ABOUT THE LIGHTNESS OF DANCE – HOW WE SEE, DESCRIBE AND PRESERVE DANCE TODAY?

Prof. Dr. Gabriele Brandstetter
Free University Berlin
Lecture delivered during the Festival of Opera and Ballet Art – Stara Zagora on 2 December, 2024.
Dear Madam Ballet Director, dear Ivet, Ladies and Gentlemen,
What do we see while watching a dance?
On the stage, in the hall, in a variety theater or in a museum?
Furthermore, what do we see, what are we doing, what do we feel when we ourselves are dancing – and also when “we are watching a dance performance”?
Before going into detail in the theme, I would like to convey the words of a philosopher:
Jean-Luc Nancy, who has dealt with dance many times, reflects on the connection between thought and movement, between heaviness and lightness – and puts forward questions about the heaviness, the importance of philosophical thought:
“What happens in the cave of Plato when you let free a prisoner? This is something which is never said: at the beginning the prisoners stay at the same place while the philosophical matter begins going round, starts, flies away… It seems that everything is led and finishes with what we see, but still, at the beginning it starts with the whirl and the very movement. Nancy adds: “By the way, Plato lived in a world where people danced and practiced gymnastics”.

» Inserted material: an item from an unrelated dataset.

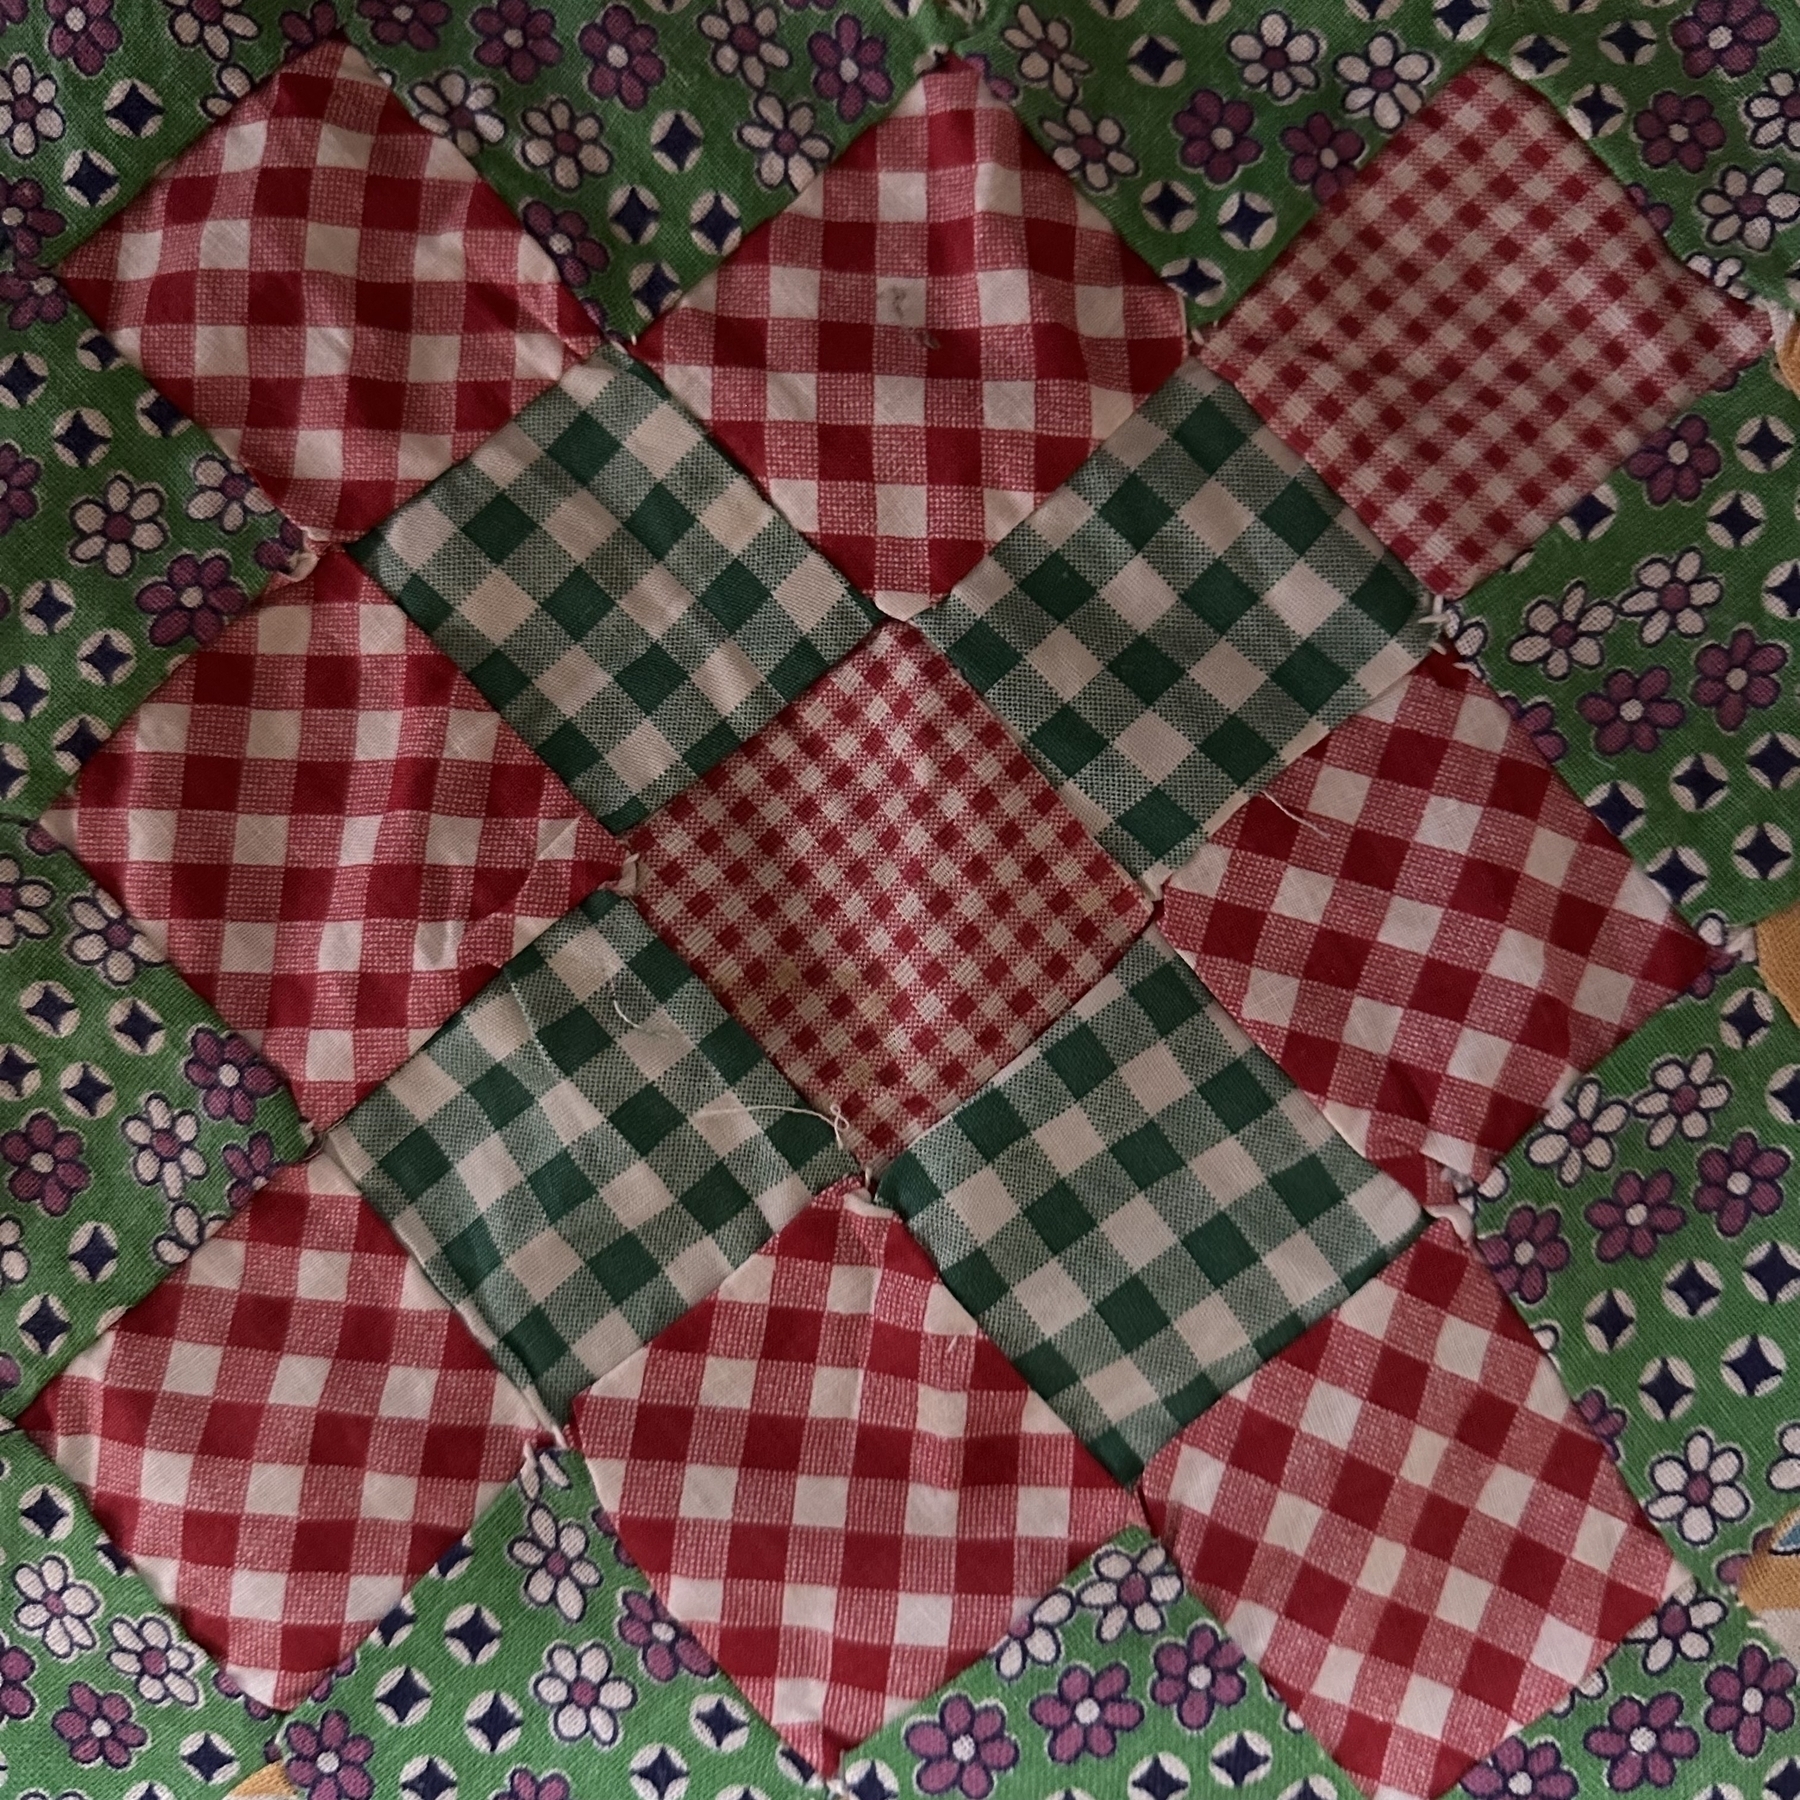 Moms hand sewn patchwork quilt piece.

The aim of this lecture is to deal with basic questions about dance as a form of the art of movement. In other words, we will do what is already familiar to you from other artistic disciplines, namely we will present the knowledge – for example about how movements are created, what materials and techniques are applied, as well as about the history and aesthetics of dance, using the methods of speaking and writing.
Dance is ephemeral /transient/ form of art. Transient, transitional – what we see for example this evening as practice of the dance movement /in a given dance spectacle/, will never be repeated again. And what we see and perceive, is the concrete materialness of dance: its physique and bodiness.
In other words, the focus today is not on the analysis of separate works, i.e. on the already completed choreographies /not even on “Coppelia”, a masterpiece of the classical ballet/. It is rather about the processes which happen before the staging of the works and which become tangible during the time of the very spectacles, namely the dance practice and the connected with it work on and with the body.
Why is this so useful for the perception of dance?
Because it gives an idea about the practice of studies of the movement. Because this is what dancers do – and at the same time, this is what is a theme and subject of the science of the dance art and the topical studies in the field of dance.
This practice contains knowledge, which we all share – knowledge which in most of the cases we are not conscious of. But despite this, it talks to us subconsciously when we are watching a dance. Our knowledge is activated when we are watching a dance, and it enters our aesthetic perception.
Let us view the common aspect of the bodies, which is specific for the dance as well, namely gravity. The Gravity.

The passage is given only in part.